TSX slips on financials and energy, as oil prices fall
By Solarina Ho
TORONTO (Reuters) - Canada's main stock index fell on Wednesday as a slide in oil prices squeezed energy companies, while a quarterly report on the country's economy cast a cloud over financial shares.
The Toronto Stock Exchange's S&P/TSX composite index finished down 22.44 points, or 0.2 percent, at 15,349.91, managing to pare much of the session's earlier losses.
Five of the 10 main sectors on the index fell, with energy, which gave back 1.1 percent, and financial stocks, which lost 0.3 percent, driving a significant chunk of the declines.

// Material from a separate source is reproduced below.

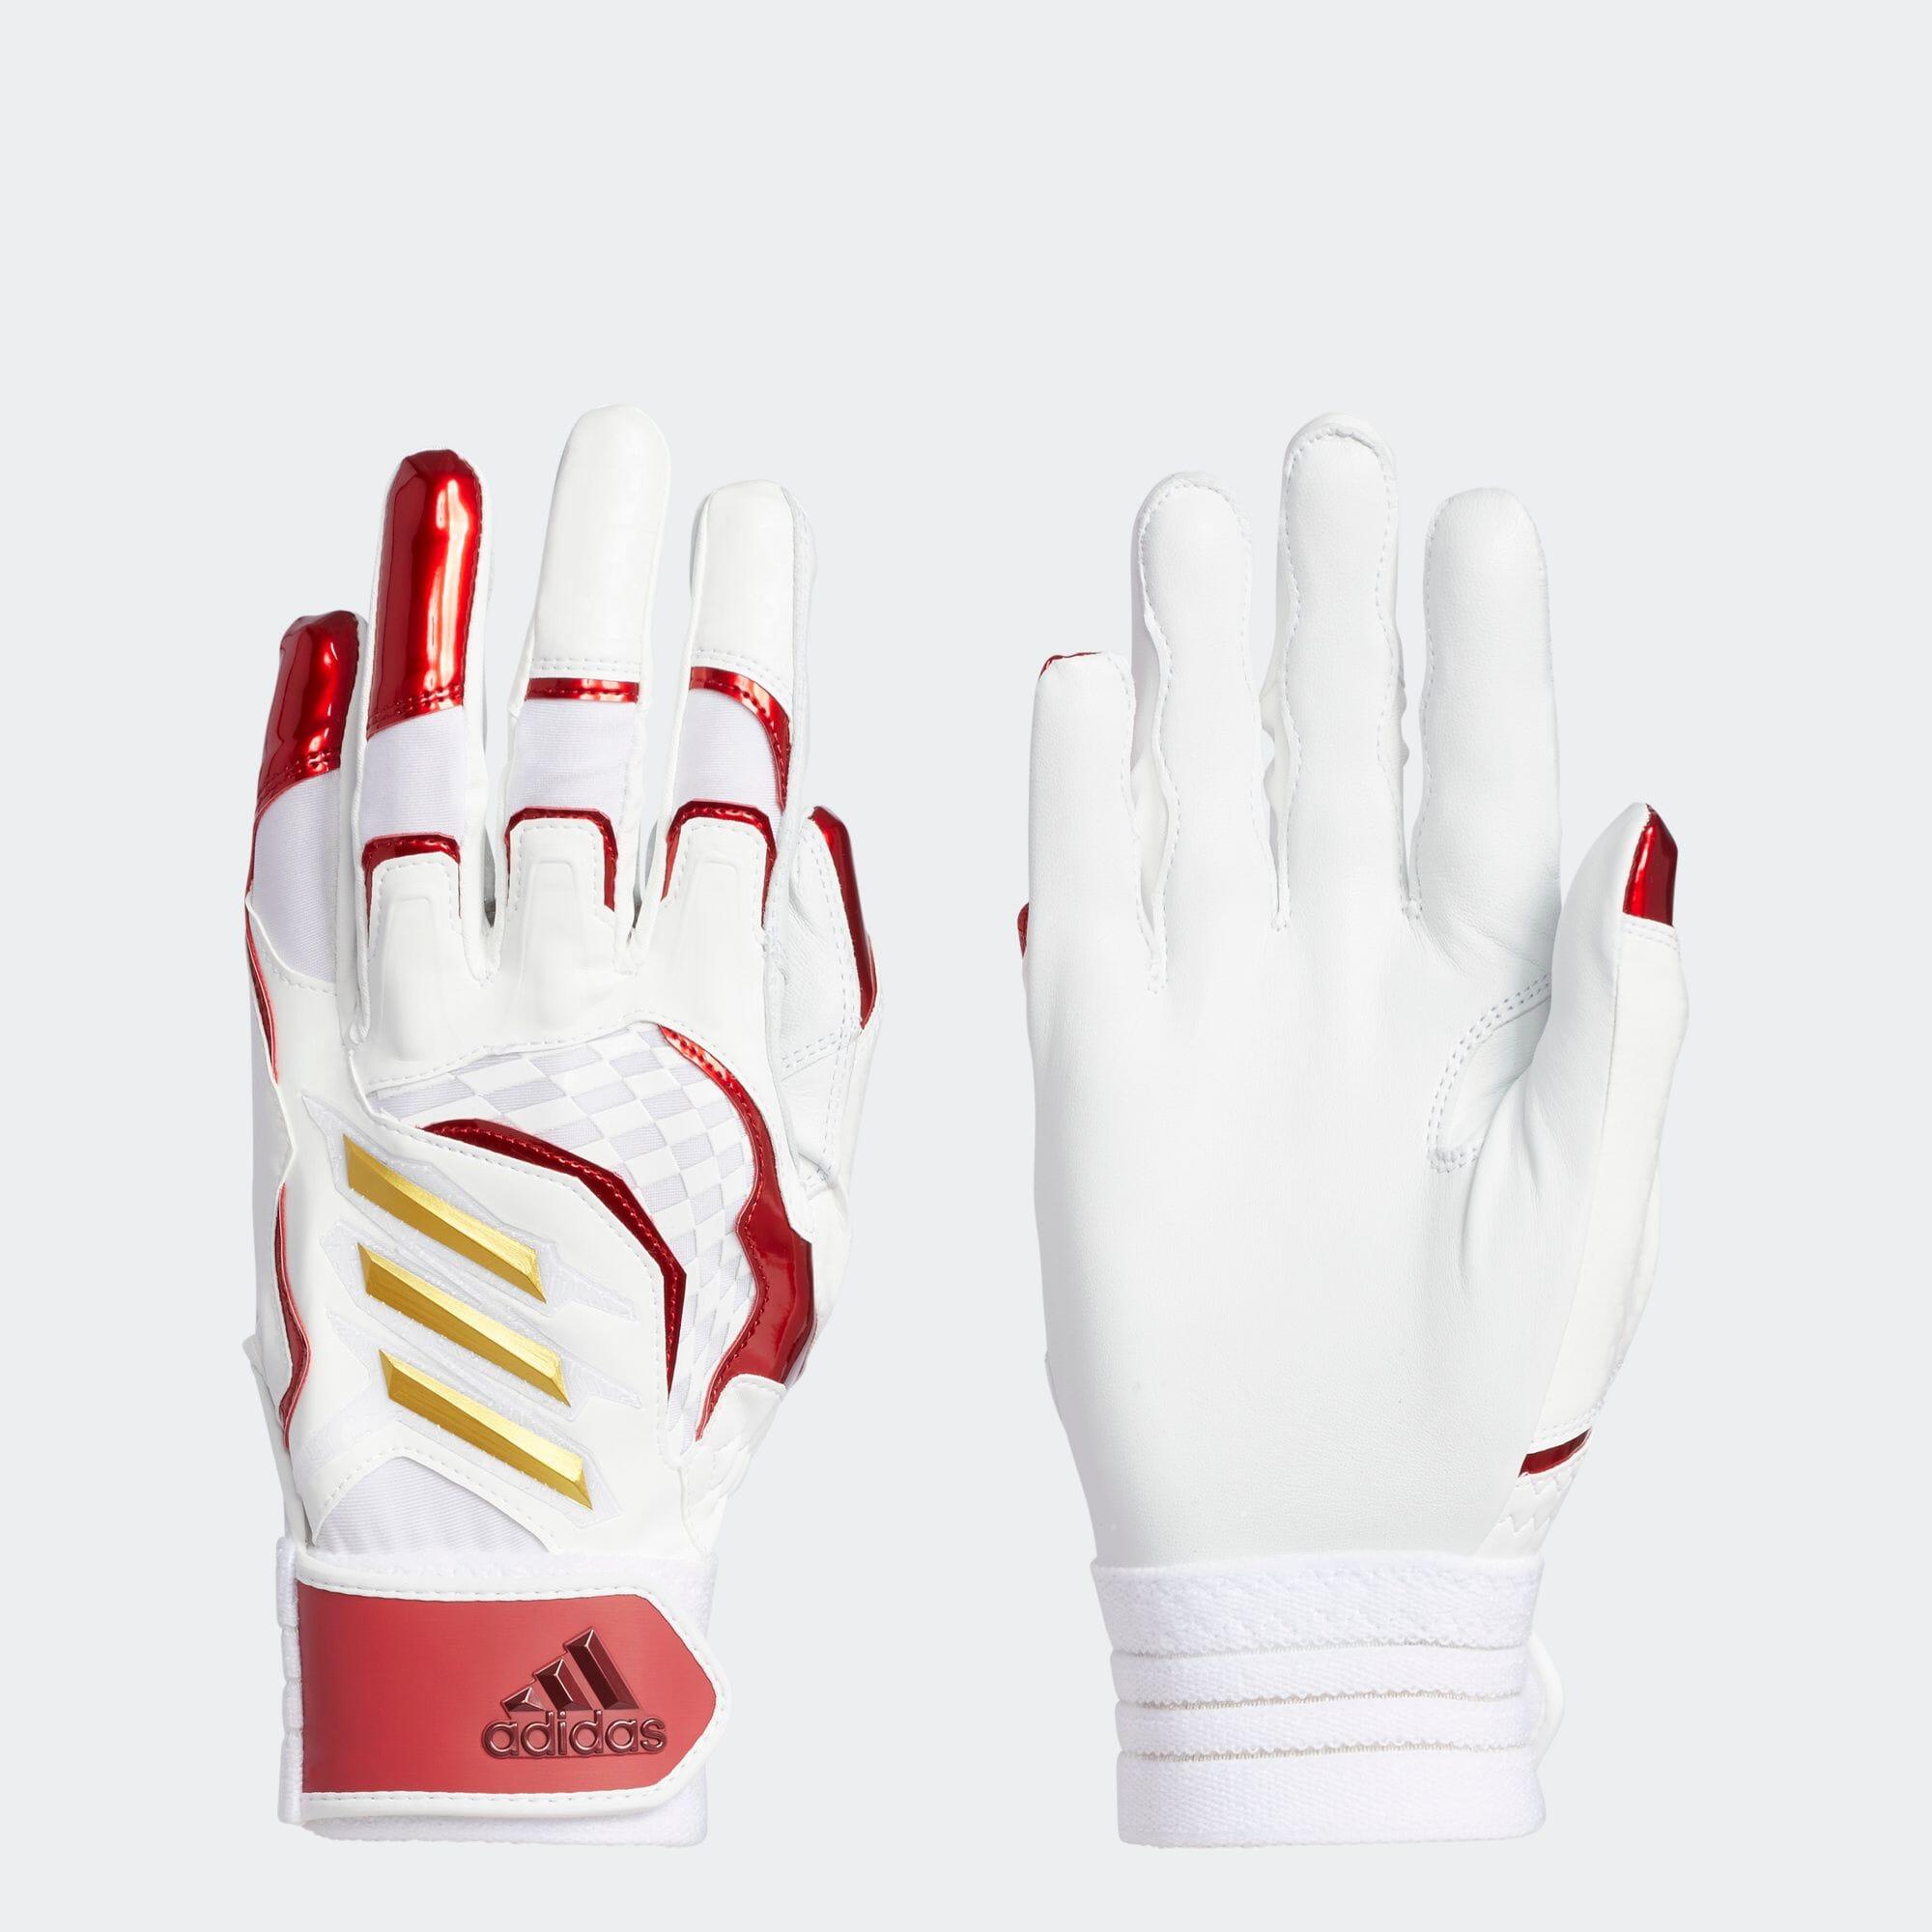 5T バッティング グローブ / 5 Tool Batting Gloves

Oil and gas companies took a hit after crude prices dropped following an increase in Libyan output, which helped boost monthly OPEC crude production for the first time this year.[O/R]
"On one side you see supply increasing from Libya, you also see OPEC compliance decreasing. Really, markets are losing faith in OPEC's ability to really prop up oil prices," said Macan Nia, director, capital markets and strategy, with Manulife Investments.
Nia also noted an increase in U.S. oil production since last year that offsets 40 percent of OPEC's cuts. Encana Corp fell 3 percent to C$13.13, while Cenovus Energy also gave up 3 percent to C$12.05.
In government data, quarterly gross domestic product figures showed that growth accelerated strongly in the first quarter, but the market's focus was on economic expectations.
"Could that increase in inventory be a drag on GDP going forward?" asked Nia, who also noted ongoing global concerns about the impact of the country's overheated real estate market. Continued...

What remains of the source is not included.